La libertad de prensa debe alcanzar para controlar lo que hacen nuestros gobernantes, de modo que se generen ciertos equilibrios de poder.
lasillarota.com
¿Qué
pasaría en México si un caricaturista decidiera mofarse de la Virgen de
Guadalupe mediante una viñeta sexualmente explícita? ¿Qué sucedería con
un dibujante que en Alemania se riera de los millones de judíos
asesinados en el holocausto producido por la locura nazi? ¿Qué tanta
tolerancia habría en Estados Unidos para un cómico que hiciera chistes
burlándose de los afroamericanos?
Todas esas preguntas y muchas otras similares que se podrían hacer
nos interrogan sobre la libertad de expresión y sus límites, sobre lo
que es admisible o no admisible en el seno de sociedades plurales y
democráticas, sobre lo que tenemos derecho a leer, ver y escuchar. En
México se trata de un tema que ha sido poco atendido y sobre el que no
abundan las referencias académicas y jurisprudenciales, pero que tiene
una relevancia enorme.
Los atentados en contra de la revista Charlie Hebdo son
inadmisibles. Sus perpetradores eran unos viles asesinos, fanáticos y
extremistas cuyos actos no tienen justificación posible. Nunca, bajo
ninguna circunstancia, se puede hacer frente al ejercicio de una
libertad expresiva mediante la violencia de las balas. Jamás.
Pero a la luz de la contundente respuesta de la sociedad francesa a
los atentados en París, lo que sí tiene sentido es preguntarse por los
límites de la libertad de expresión y sobre lo mucho que les interesa a
los regímenes democráticos contar con esa libertad.
Empecemos por dejar clara una cosa: la libertad de expresión tiene
límites, como casi cualquier otro derecho humano.

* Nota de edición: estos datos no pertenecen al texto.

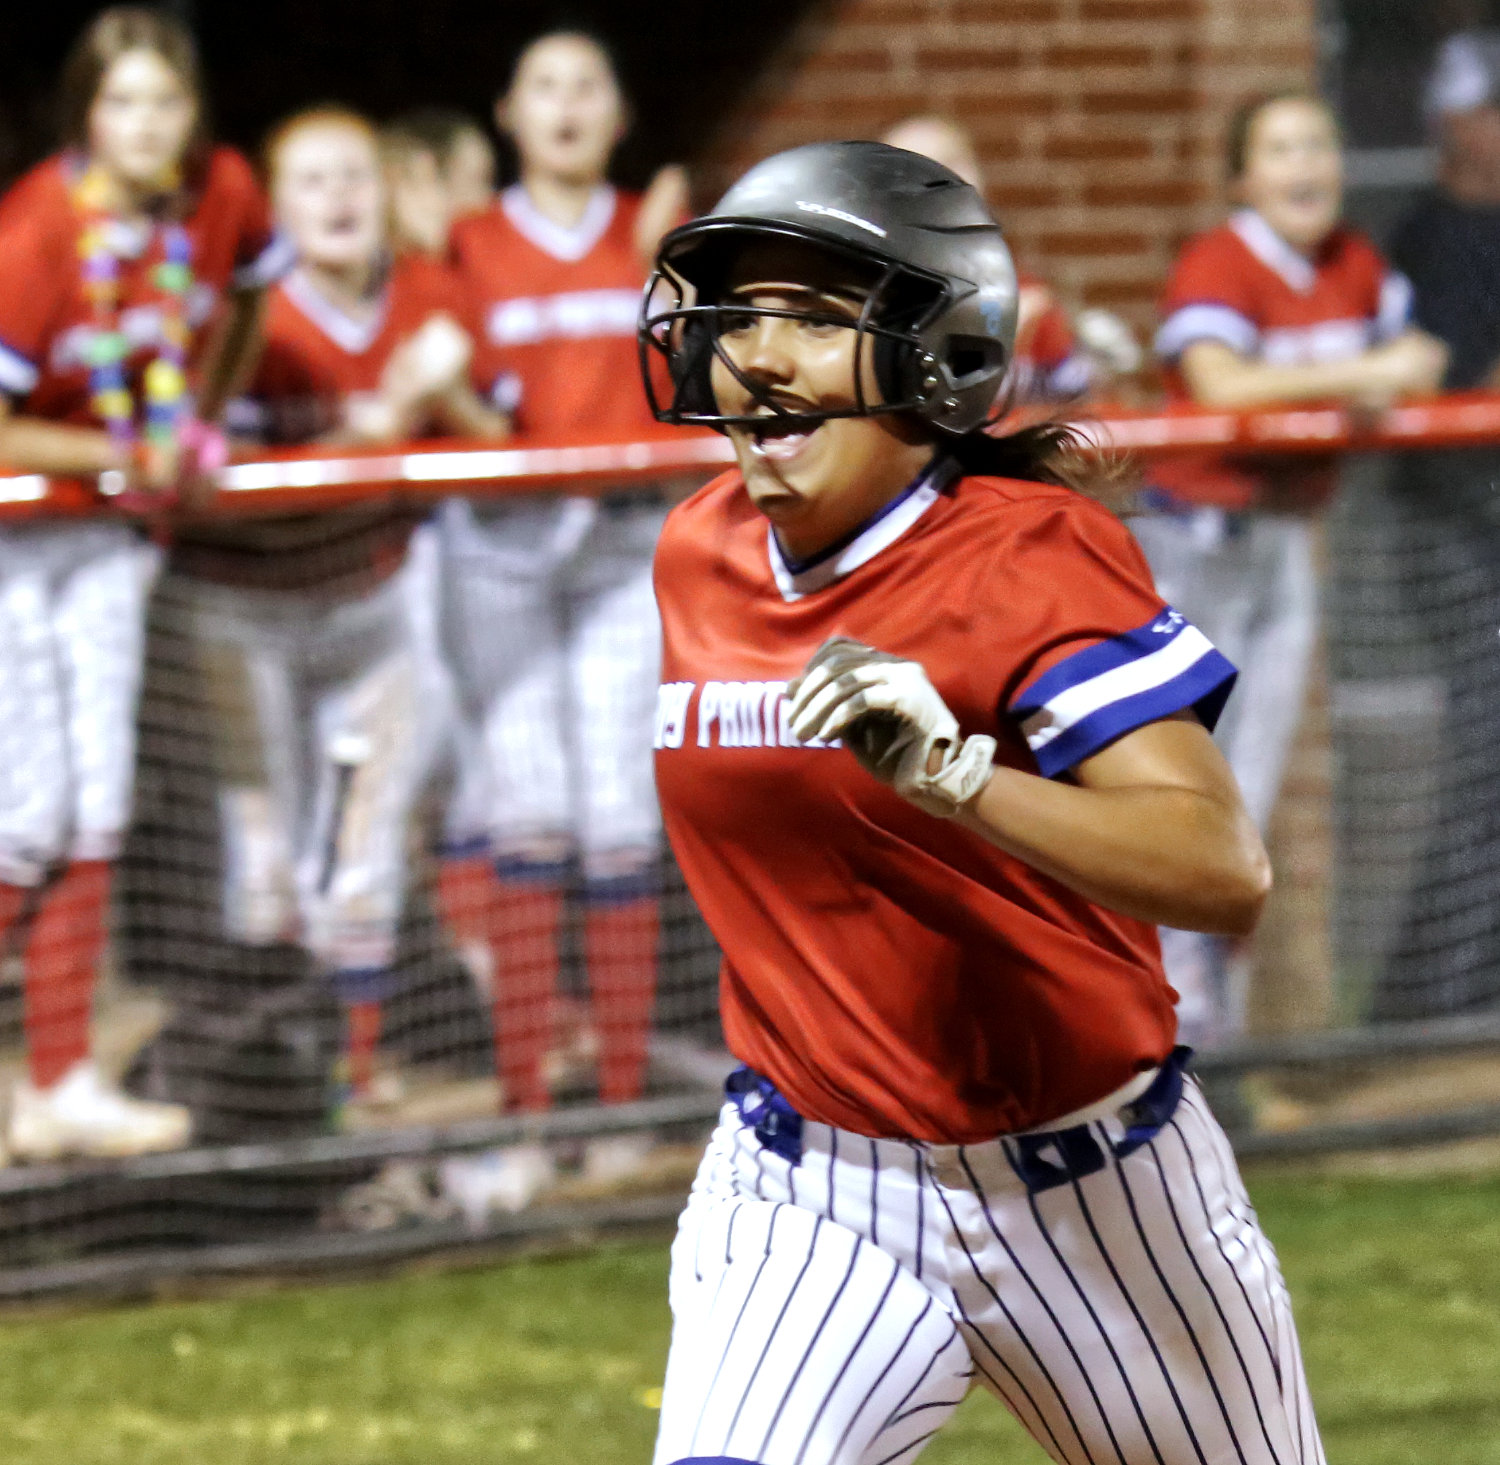 Lady Panther Erin Langston scores by stealing home.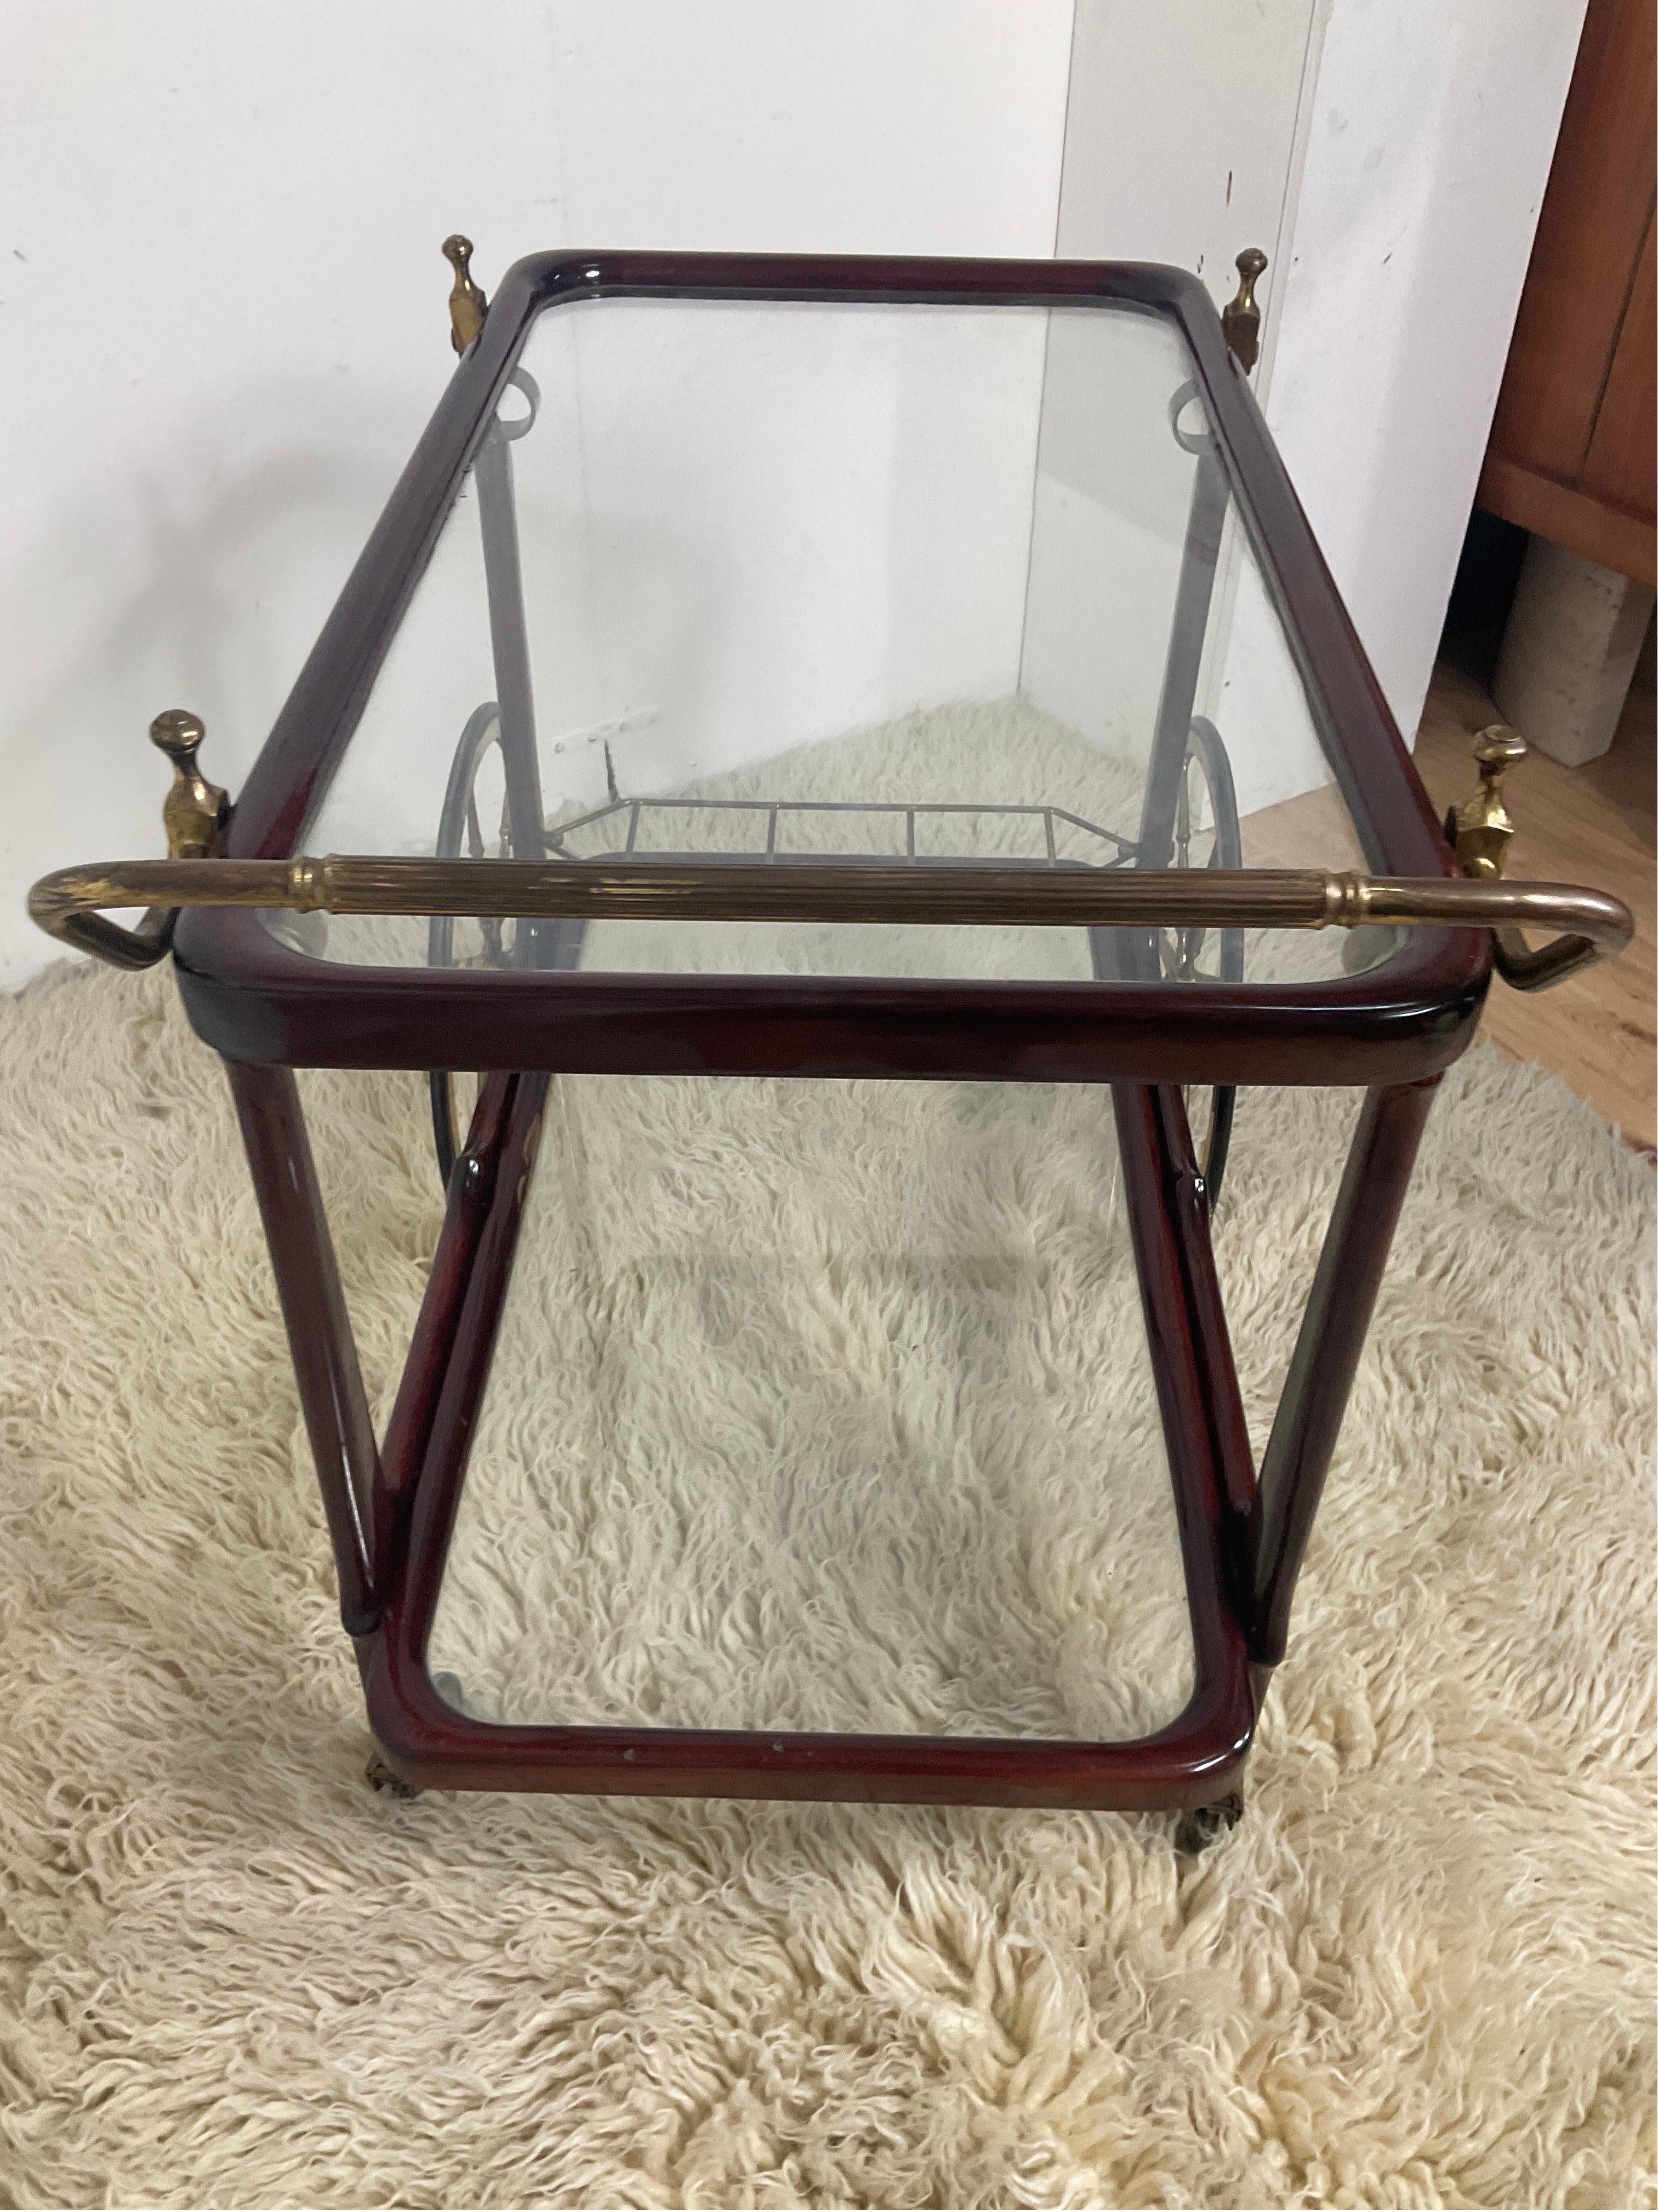 Brass Bar trolly food rack in lacquered wood, brass and vintage 50s glass with 4 wheel For Sale

No se puede utilizar
la libertad de expresión por ejemplo para proferir amenazas, para subir
a internet las instrucciones para fabricar bombas atómicas o para
adoctrinar desde un púlpito universitario a los alumnos en defensa del
racismo o de actos genocidas. Nada de eso es admisible.
Ahora bien, cuando se trata de criticar lo que se hace desde los
poderes públicos, la regla general debe ser la libertad más amplia para
quien se expresa. Solamente mediante dicha libertad se puede construir
un debate público sustantivo. Por eso es que a muchos de nosotros nos
parece inadmisible que en el marco de una campaña electoral no se
puedan lanzar mensajes negativos (la llamada “publicidad negativa”), ya
que de esa forma se impide un debate de fondo sobre las capacidades e
incapacidades de quienes aspiran a un cargo público representativo. La
posibilidad de criticar forma parte esencial de la libertad de
expresión, sobre todo cuando se trata de una campaña electoral en la
que los ciudadanos necesitan saber quiénes son las personas que quieren
representarnos.
La libertad de prensa debe alcanzar para controlar lo que hacen
nuestros gobernantes, de modo que se generen ciertos equilibrios de
poder. Todo gobernante que actúe en la opacidad y bajo las reglas del
secretismo es seguro que va a terminar abusando de los ciudadanos, como
lo comprueba perfectamente la historia de México.
Desde luego, la libertad de expresión y de prensa debe ser
respetuosa de otros derechos fundamentales, como el derecho a la vida
privada, el derecho a la intimidad personal y familiar, el derecho a la
no discriminación, etcétera. Se debe construir un delicado equilibrio
entre todos los derechos, de forma que el ejercicio de unos no afecte a
los demás. No es una tarea fácil, pero resulta indispensable si
queremos vivir en una verdadera democracia constitucional.
Como quiera que sea, lo cierto es que no cabe imaginar hoy en día un
régimen democrático sin libertad de expresión. El ejercicio pleno de
dicha libertad es un síntoma de vitalidad democrática que a todos nos
interesa mantener y fomentar. Hay que recordarlo siempre.